Amazon India told Bloomberg BNA in an email March 30 that “GST will be good for the e-commerce industry, as it would eliminate hurdles in inter-state delivery and subsume entry taxes induced on e-commerce shipments by some states.”

When it comes to TCS, it recommended the government restrict the clause only to sharing of information between states and the government so that cross-checks can satisfy the government’s wish for full tax compliance.

“The government will be able to track all transactions under TCS because the point of taxation is at the start,” Santosh Sonar, executive director of indirect tax at BSR & Associates LLP, told Bloomberg BNA March 31.

Sharing information would be a way to track tax evasion without obstructing cash flow, Sonar said, but it wouldn’t satisfy the government’s objective to widen the tax net.

“Not all the smaller vendors will have the bandwidth or infrastructure to properly file their monthly returns, so practically, not all the information would be available,” Sonar said, adding that this is a major concern for the government.

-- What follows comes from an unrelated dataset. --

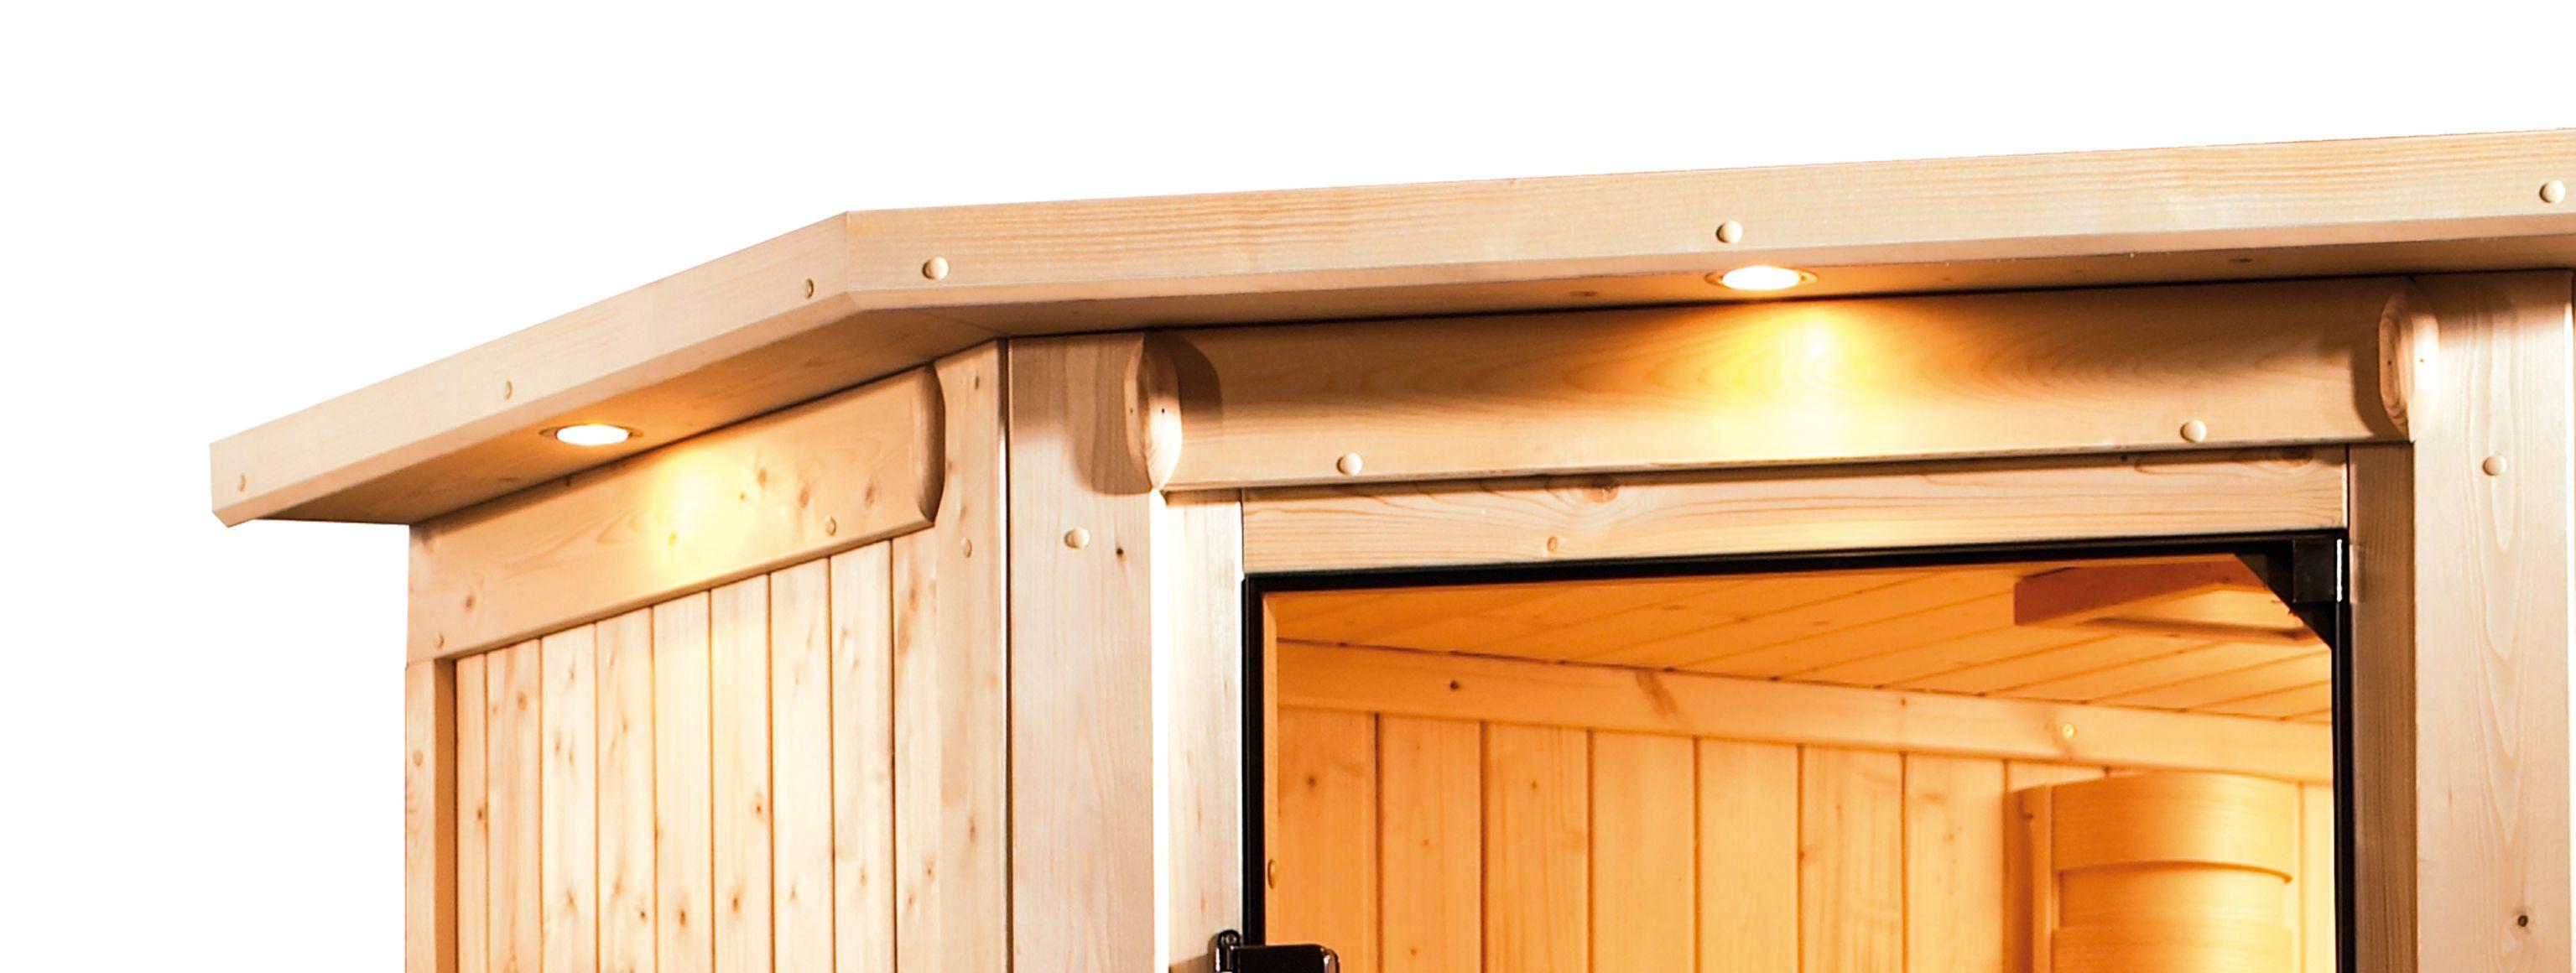 Woodfeeling Sauna Elea 38mm Dachkranz Bio Saunaofen 9kW extern Bild 11
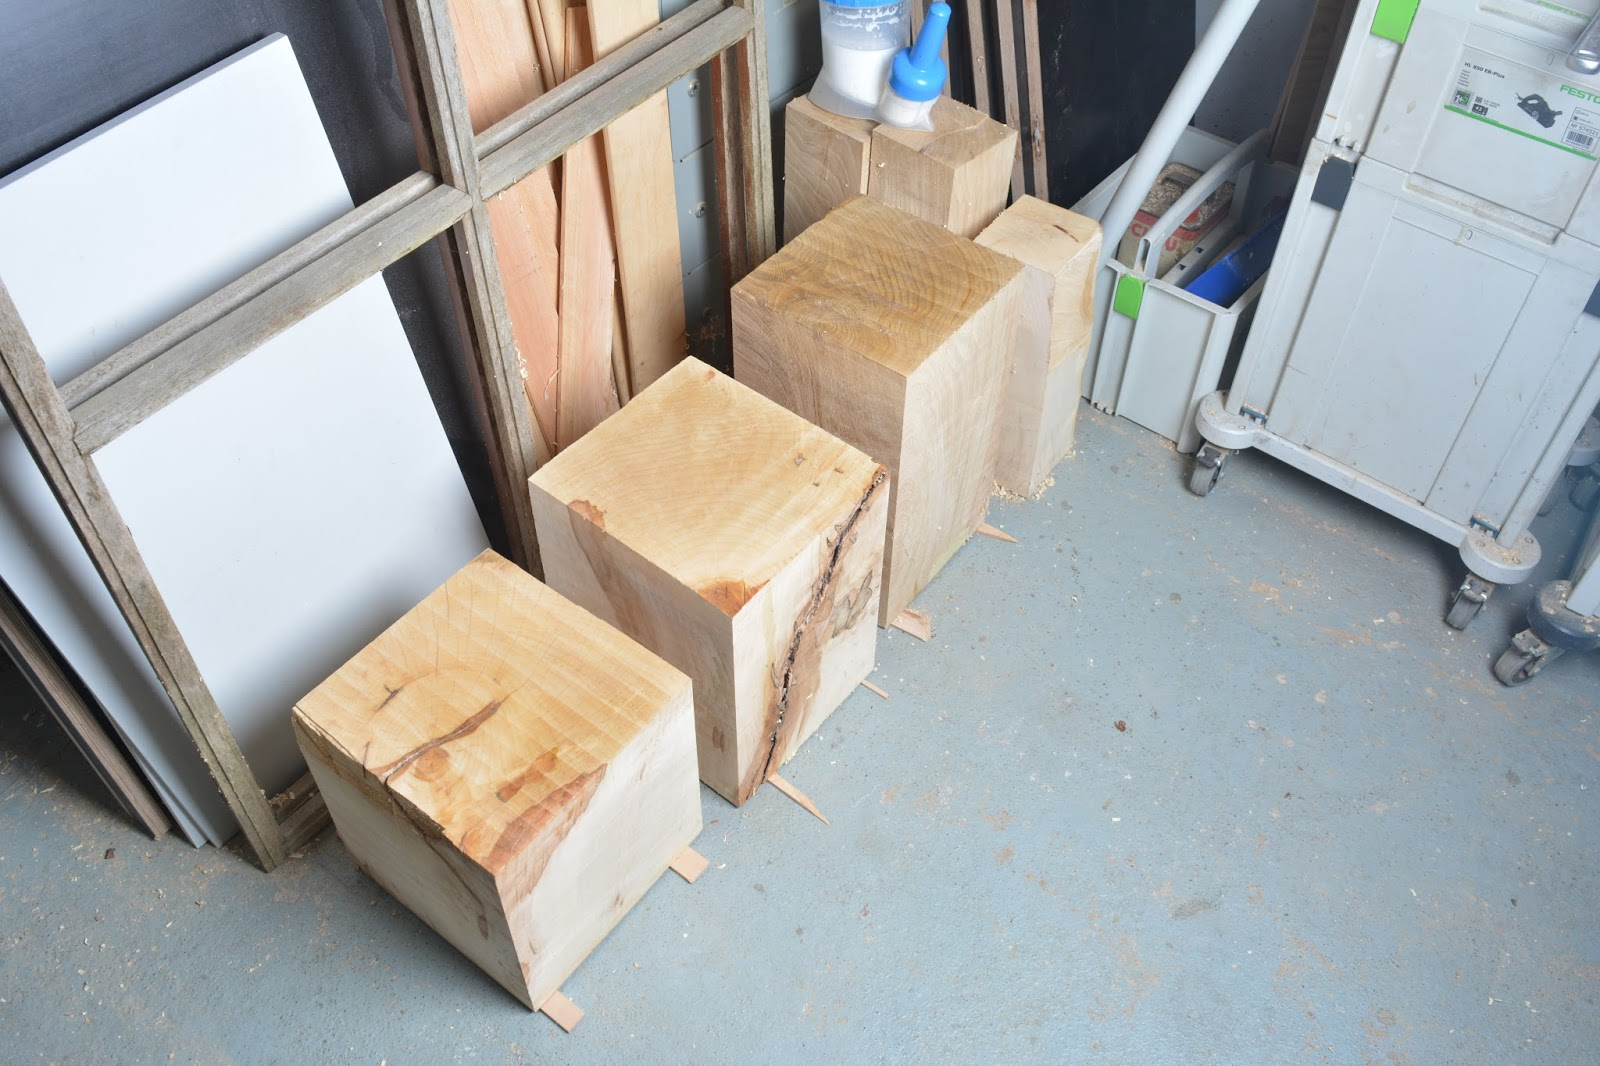 Holz Trocknen Ohne Risse holzprojekte september 2015

Sonar said under GST online marketplaces and their vendors will have to file returns to the government on a monthly basis, allowing the government to cross reference the reported values of each transaction. Discrepancies will be investigated by tax officers.

The Goods and Services Council will meet again March 31 to negotiate goods and services rate categories and final procedural rules for the collection of taxes at the state and federal level.